The following code implements this algorithm:
```
#pragma GCC target("avx,mmx,sse2,sse3,sse4")
auto _=[]()noexcept{ios::sync_with_stdio(0);cin.tie(0);cout.tie(0);return 0;}();
unsigned int cnt[251];
const int mod=1000000007;
vector<vector<int>> binom1;
void buildBinom(int n){
    for(int i=binom.size()-1;i<=n;++i){
        vector<int> v;
        v.reserve(i+2);
        v.emplace_back(1);
        const auto& b=binom.back();
        for(int j=0;j<i;++j) v.emplace_back((b[j]+b[j+1])%mod);
        v.emplace_back(1);
        binom.emplace_back(move(v));
    }
}
int getCoe(int s,int j,int t){
    if(j+t<0||s<2*j+t) return 0;
    return (long long)binom[s-j][j+t]*binom[s][j]%mod;
}
class Solution {
public:
    int numWays(int steps, int arrLen){
        if(arrLen<=2){
            if(arrLen==1) return 1;
            int p=(steps-1)/63,q=(steps-1)%63;
            unsigned long long c=(1ULL<<63)%mod,r=(1ULL<<q)%mod;
            while(p--) r=(r*c)%mod;
            return r;
        }
        if(steps==1) return 1;
        if(arrLen>steps||arrLen*arrLen>steps){
            buildBinom(steps);
            long long t=0;
            int tmp=2*arrLen+2;
            for(int m=-steps/tmp*tmp;m<=steps;m+=tmp){
                int upper=(steps-m)/2+2;
                for(int j=0;j<=upper;++j){
                    t=(t+2*getCoe(steps,j,m)-getCoe(steps,j,m+2)-getCoe(steps,j,m-2))%mod;
                }
            }
            return ((t*500000004)%mod+mod)%mod;
        }
        int tmp2;
        unsigned long long tmp1;
        memset(cnt,0,arrLen*sizeof(cnt[0]));
        cnt[0]=1;
        for(int i=0;i<steps;++i){
            tmp1=cnt[0];
            cnt[0]=(cnt[0]+cnt[1])%mod;
            for(int j=1;j<arrLen;++j){tmp2=cnt[j]; cnt[j]=(tmp1+cnt[j]+cnt[j+1])%mod; tmp1=tmp2;}
            cnt[arrLen]=(tmp1+cnt[arrLen])%mod;
        }
        return cnt[0];
    }
};
```
Ah, one more thing. The number 500000004 here acts as $2^{-1}$, because we can't simply divide $t$ by 2. To divide a number $\mod q$, we must multiply the inverse of the element. Now, the $O(n^{1.5})$ algorithm is complete.

To get rid of this $2^{-1}$, noticing the symmetry of the coefficients $c(m)=c(-m)$, it's easy to see that the sum of the terms corresponding to $m$ and $-m$ are the same. With this, the middle part can be written as
```
        if(arrLen>steps||arrLen*arrLen>steps){
            buildBinom(steps);
            long long t=0;
            for(int j=0;j<=steps/2;++j) t=(t+getCoe(steps,j,0)-getCoe(steps,j,2))%mod;
            int tmp=2*arrLen+2;
            for(int m=tmp;m<=steps;m+=tmp){
                int upper=(steps-m)/2+2;
                for(int j=0;j<=upper;++j){
                    t=(t+2*getCoe(steps,j,m)-getCoe(steps,j,m+2)-getCoe(steps,j,m-2))%mod;
                }
            }
            return (t+mod)%mod;
        }
```
which also saves the time by half.


I really enjoyed the journey to this surprising result. It reminds me of the first time I learned about Strassen algorithm. The fact that "this is achievable!" and seeing it unveils in front of me is so satisfying!
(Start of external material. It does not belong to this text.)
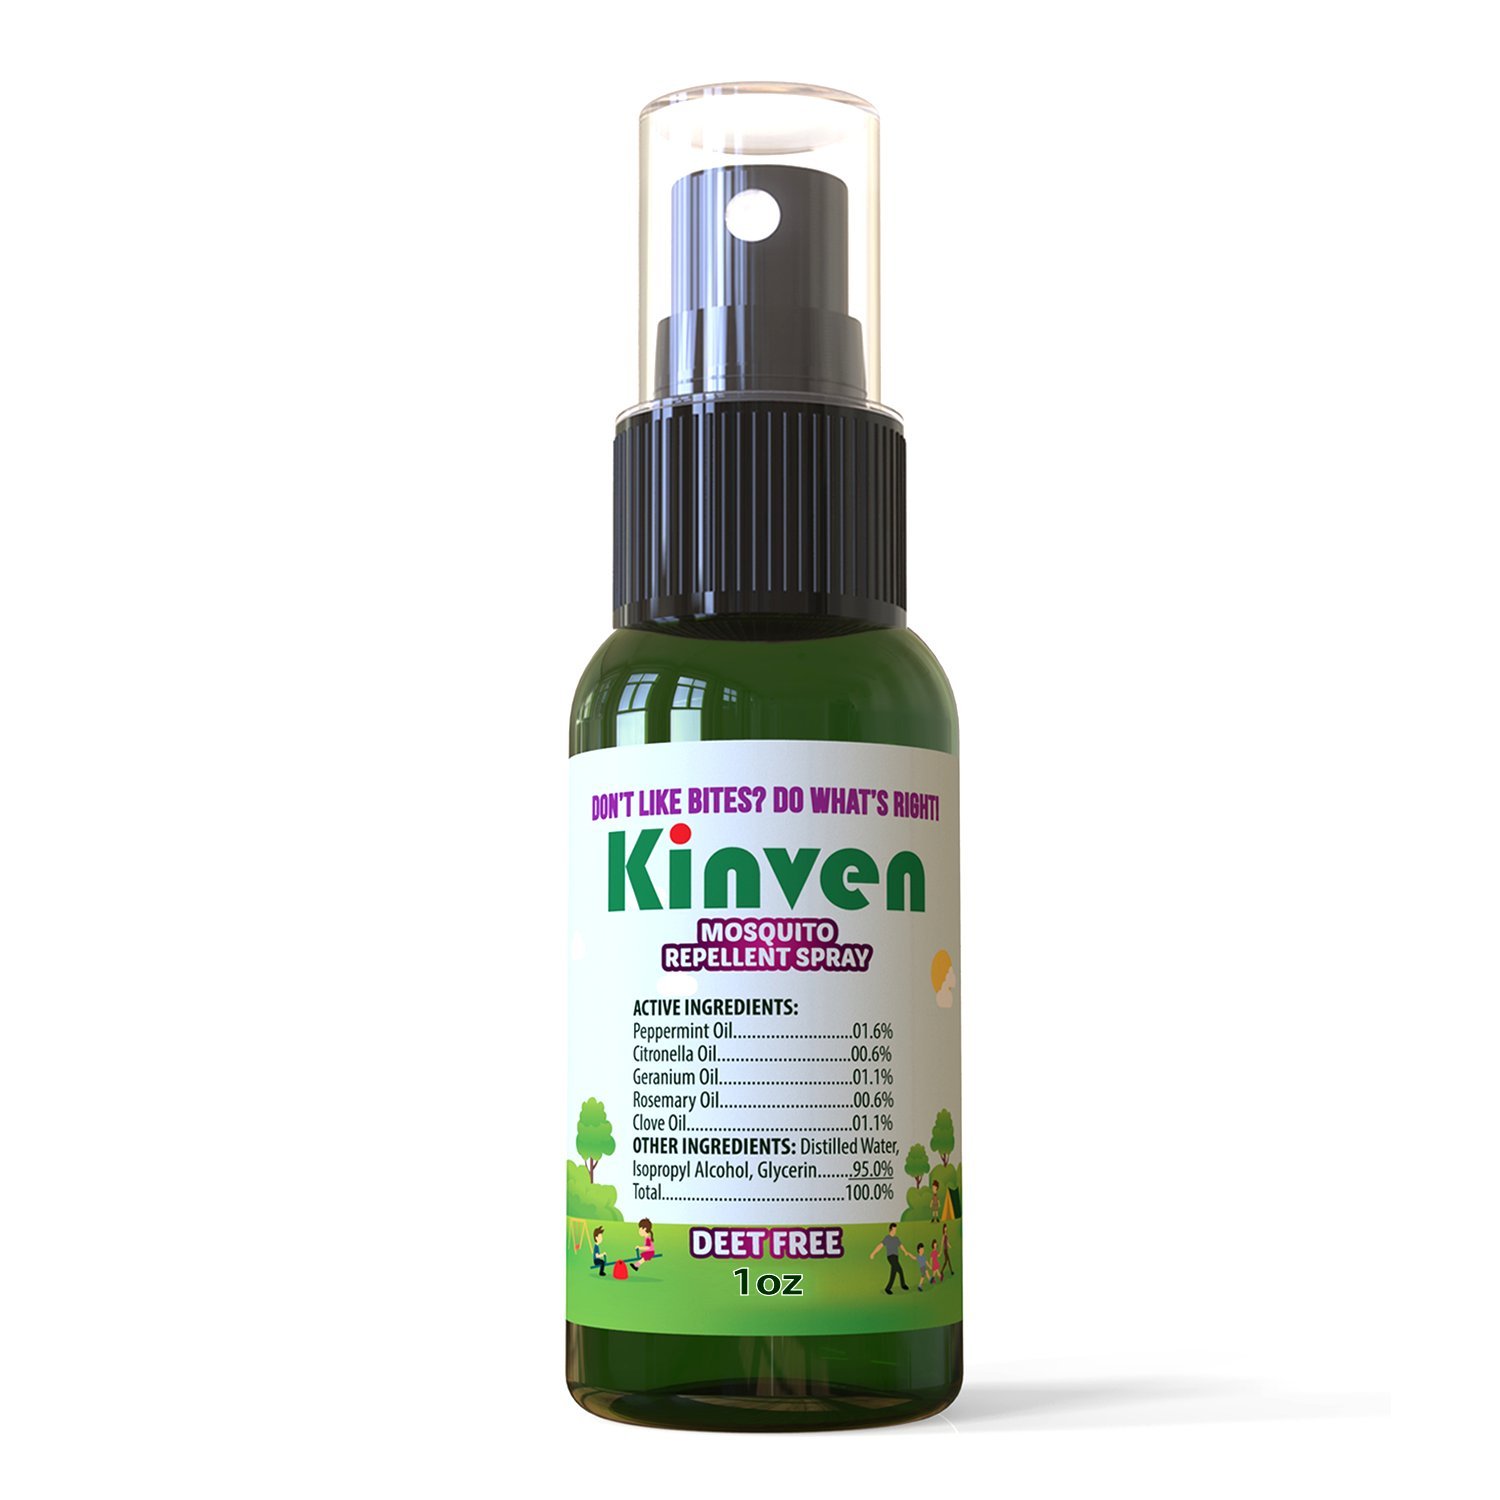 Kinven Mosquito Repellent Spray for Kids & Adults, Safe, Non-Toxic, DEET-Free, Long-Lasting Anti-Mosquito Bite Protection, with Natural Oils, 1oz - image 1 of 3

(ps: Just learned that the solution for the case when $arrLen>=steps/2+1$ is known as the Motzkin numbers, which has an recurrence relation: $M_n=\frac{2n+1}{n+2}M_{n-1}+\frac{3n-3}{n+2}M_{n-2}$. This gives an $O(n)$ algorithm without the need to build the binomial table for this special case. The only downside is, we must find $(i+2)^{-1} \mod 1e9+7$ for $i=1\dots steps$, which takes about 30 operations for each of them by finding $(i+2)^{1e9+5}$. But it's still a really good algorithm. I wonder if this can be generalized for the "correction terms" above, i.e., if there is a recurrence relation for $M_{n,m}=c(m)-(c(m-2)+c(m+2))/2$. The Motzkin numbers are the $M_{n,0}$ here. If so, the binomial table will not be necessary.)